"Not I," said he. "But they sailed with an evening tide, which was my chance. Ten ships among four hundred or so make no odds. We took off the dragon heads, and when it was quite dark rowed down after them, and so caught them up at Greenwich. Then we slipped through the fleet easily, for it was mostly of cargo ships full of men, and no one paid any heed to us, as might be supposed. So by daylight we led the fleet, or nearly, and when the next night came we stood away from it, going across Channel. Then I came here to see if Wulfnoth or Godwine would cruise with me on some other shore, as I promised."
Then I asked him what I had better do, for with the sight of his face came the longing to be free again.
"Come with me," he said. "I am going to win ransom from a town or two against the time when I shall need gold wherewith to win men to me in Norway."
I think that I should have done this in the end, though I did not like to leave England without striking one more blow for Eadmund, and I cannot deny that I thought that Uldra would blame me if I did leave our land when she needed every sword that would strike for her. I had come to think very much of what the steadfast eyes of the brave maiden would tell me as I watched her face.

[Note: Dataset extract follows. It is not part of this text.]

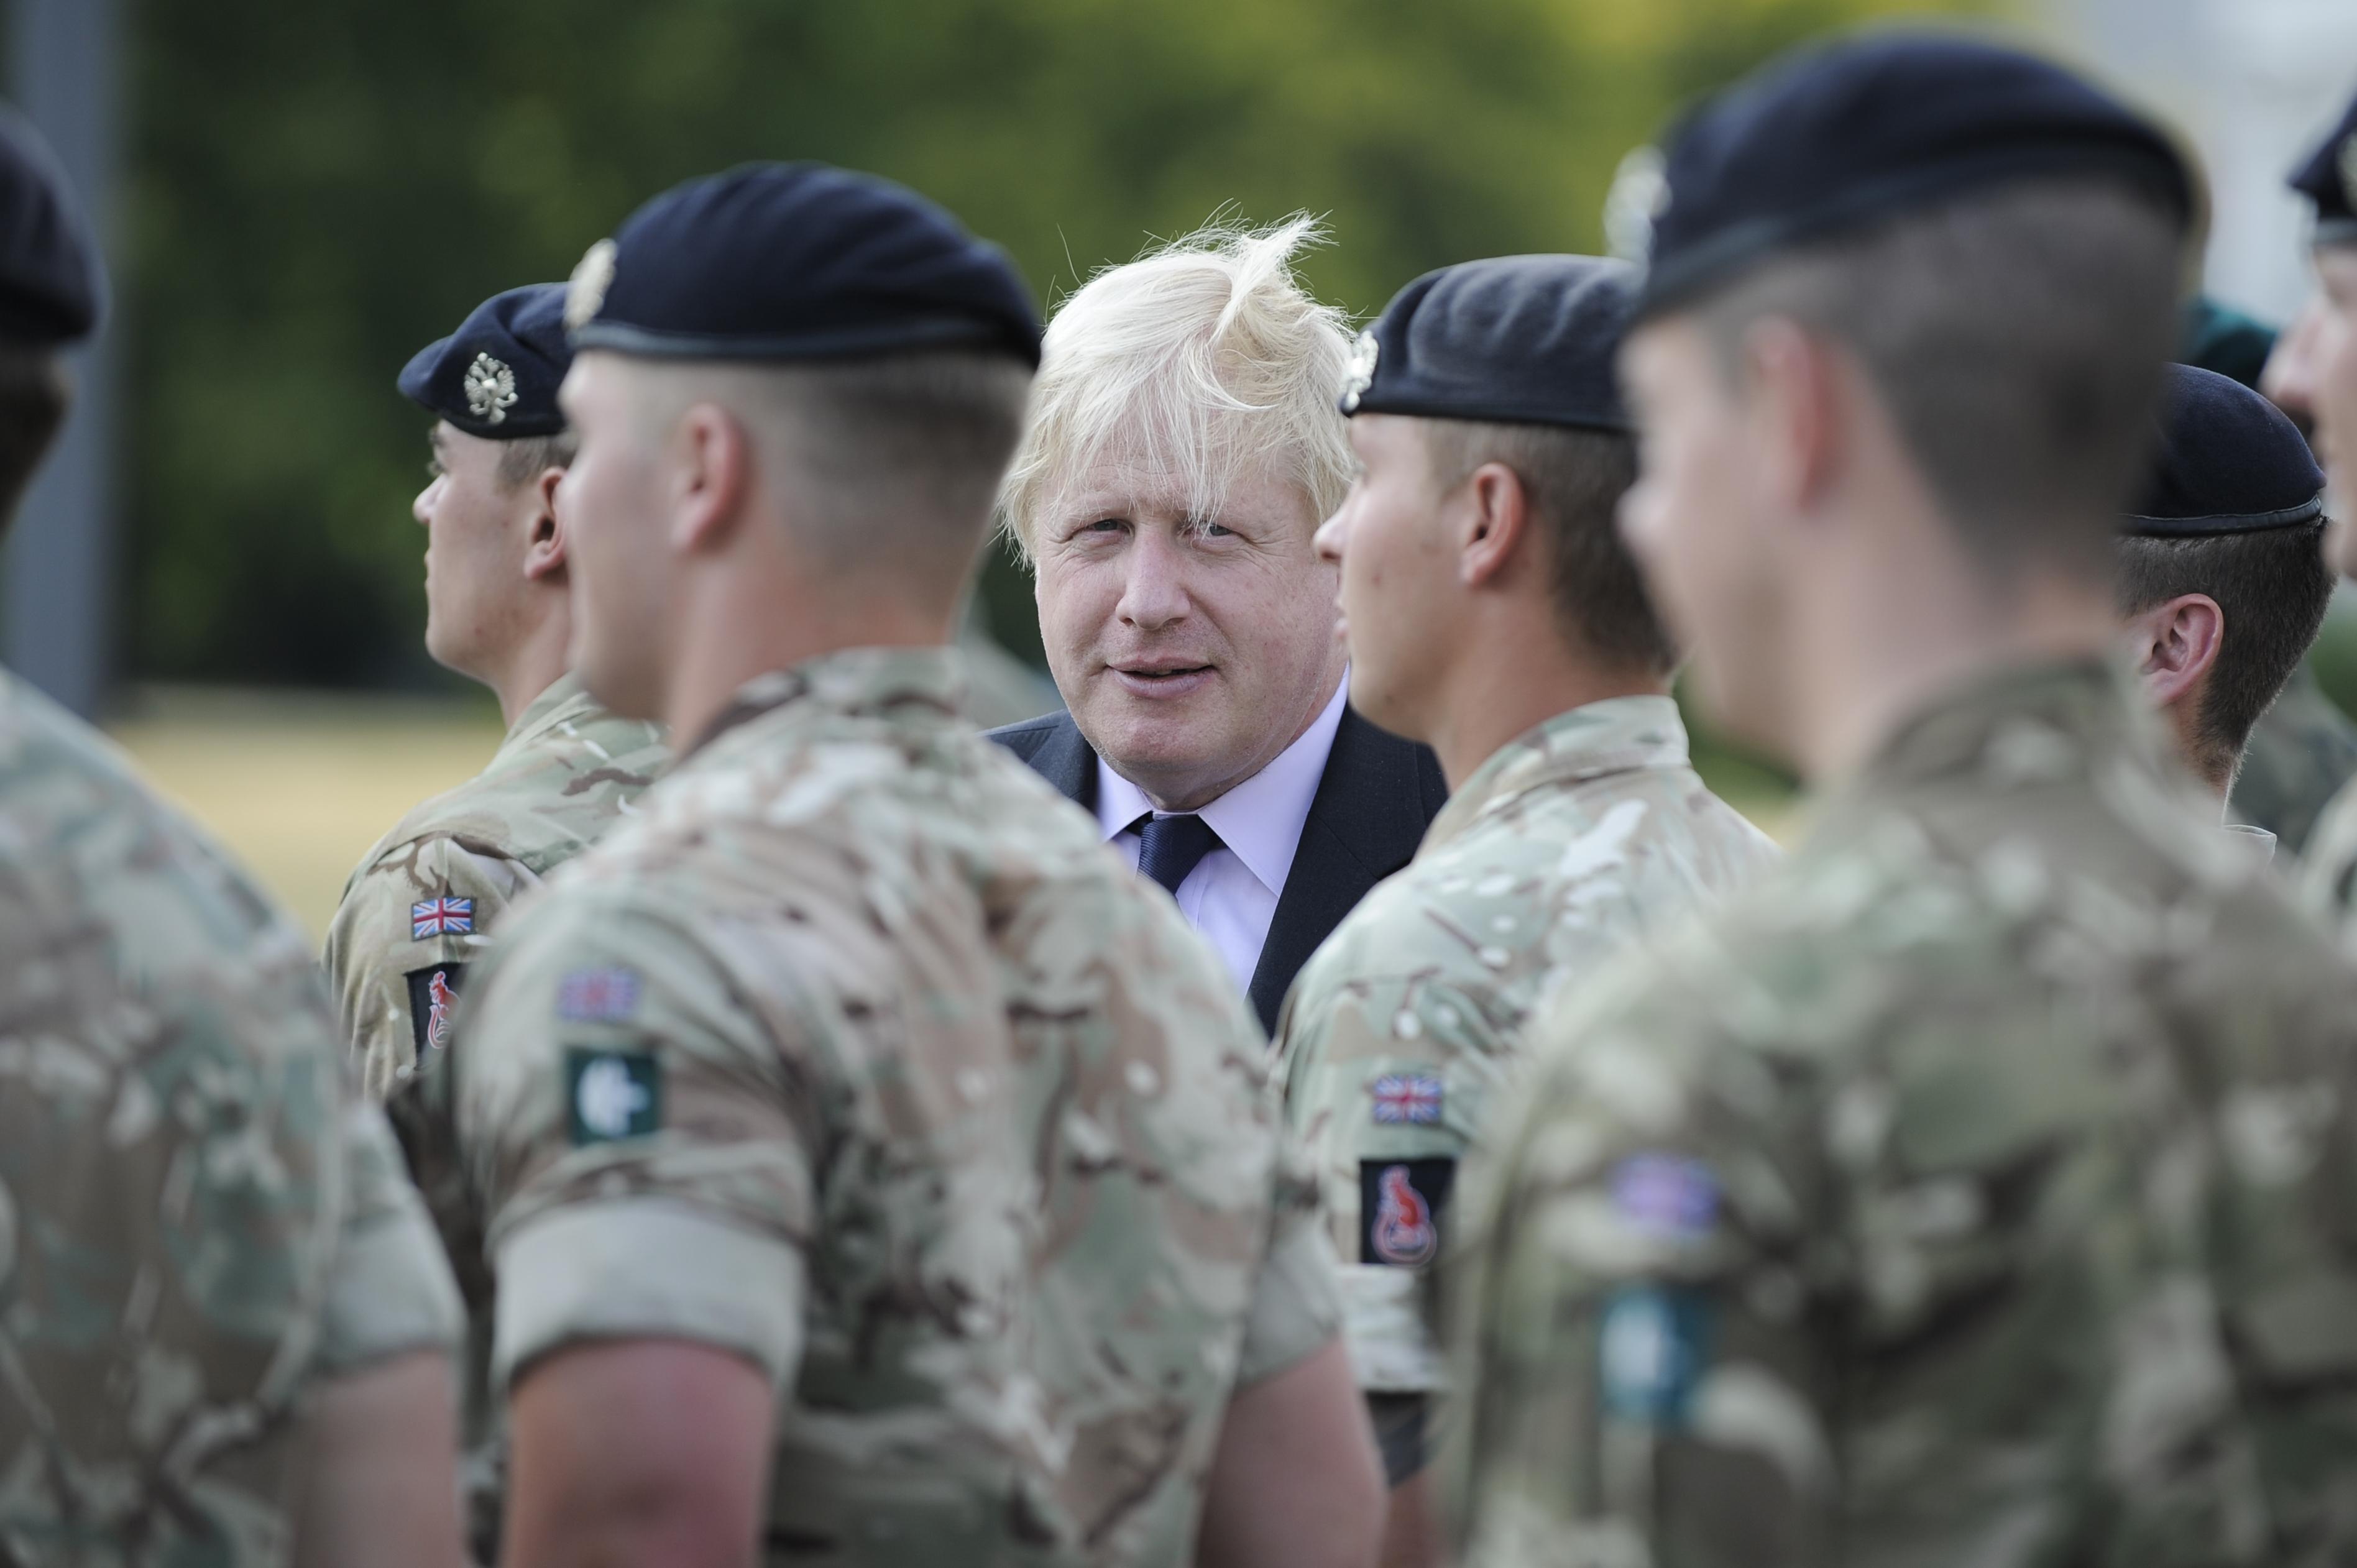 The Foreign Secretary Boris Johnson and Defense Secretary Gavin Williamson visit Warsaw, Poland on June 21, 2018 to meet with Polish minister of defense Mariusz Blasczak and Minister of Foreign Affairs Jacek Czaputowicz. (Photo by Jaap Arriens / Sipa USA)

But that evening came Wulfnoth and Godwine, and they had made a plan for themselves which might help me to reach Eadmund when my freedom came. They had manors on the Severn, at Berkeley, and the earl would go there to save them if possible from plunder. At least, that is what he told me and Olaf. Whether he had any other deeper plan I cannot say. It seemed afterwards as if that might be so.
They brought back some strange news, too, at which both Olaf and I wondered. There was a rumour spreading through the country from Winchester that Cnut would wed Emma the queen.
"It is not likely," said Olaf. "She is twenty years older than he."
"If any man wants revenge on Cnut, I would counsel him to go and do all he can to see that this marriage comes to pass," sneered the earl, in his hatred of the Norman lady.
"What says Redwald?" asked Godwine.
"First, that the queen has little choice in the matter," said I; "and next, that, between ourselves, I think that she would do much to remain a queen in truth, if it must be over Denmark instead of England; and lastly, that if Cnut weds her, he keeps the duke, her brother, quiet, and maybe brings over more of our people to his side."